PRETORIA, March 11 (NNN-AGENCIES) — South Africa’s High Court has dismissed the findings of an anti-corruption investigator who said that President Cyril Ramaphosa had deliberately misled parliament over a campaign donation.
Public Protector Busisiwe Mkhwebane showed a lack of knowledge of the law and did not have the power to investigate the donation, the court ruled.
Judges also dismissed her call for the president to be investigated for possible money-laundering.
The ruling is a major boost for him.
If Mkhwebane’s findings were upheld, Ramaphosa would have been under pressure to resign for lying to parliament.
The case revolved around a donation of more than $36,000 that a controversial private firm, Bosasa, had made towards Ramaphosa’s campaign for the leadership of the governing African National Congress (ANC) in 2017.

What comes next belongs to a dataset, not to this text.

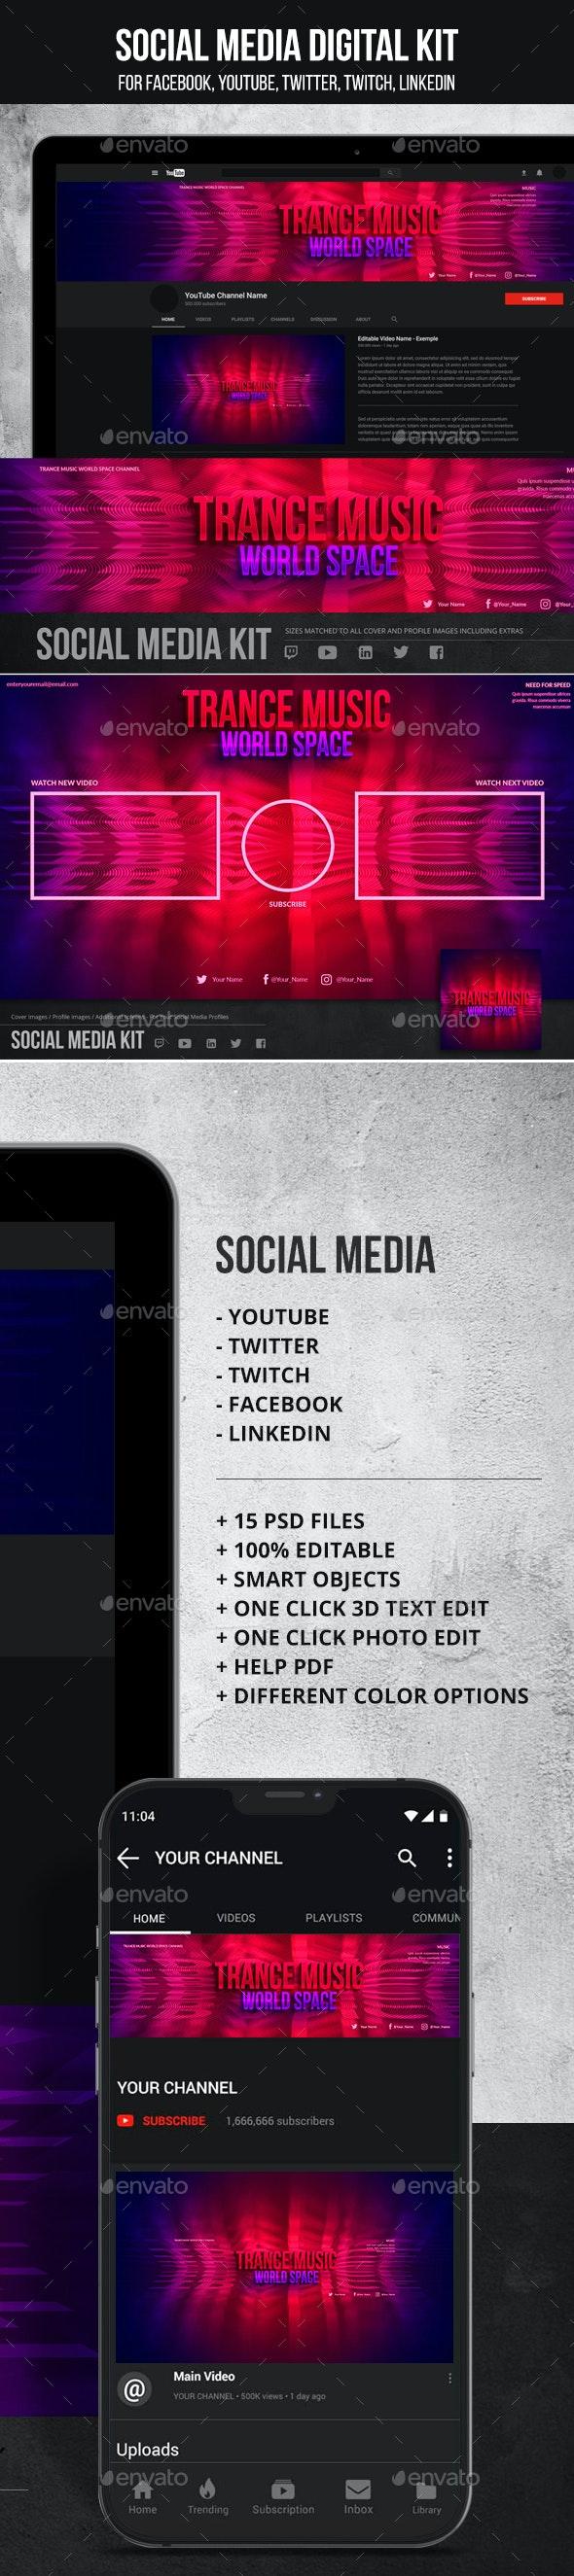 Social Media Profiles - Art Kit - Social Media Web Elements

Questioned in parliament the following year, Ramaphosa denied his campaign had received the donation.
He later apologized, saying he had been misinformed when he gave the answer.
In a unanimous judgment, the court ruled that donations towards his ANC leadership campaign were of a private, not public, nature and therefore outside the jurisdiction of the public protector.
“It is apparent from the report that the public protector was confused about the legal foundation of her finding,” Judge Keoagile Elias Matojane said.
There was “no evidence” that the president knew about the donation or that he had received “direct personal financial benefit” from the campaign, the judge added.
“The public protector’s finding on the issue of misleading parliament is fatally flawed due to a material error of law,” he said.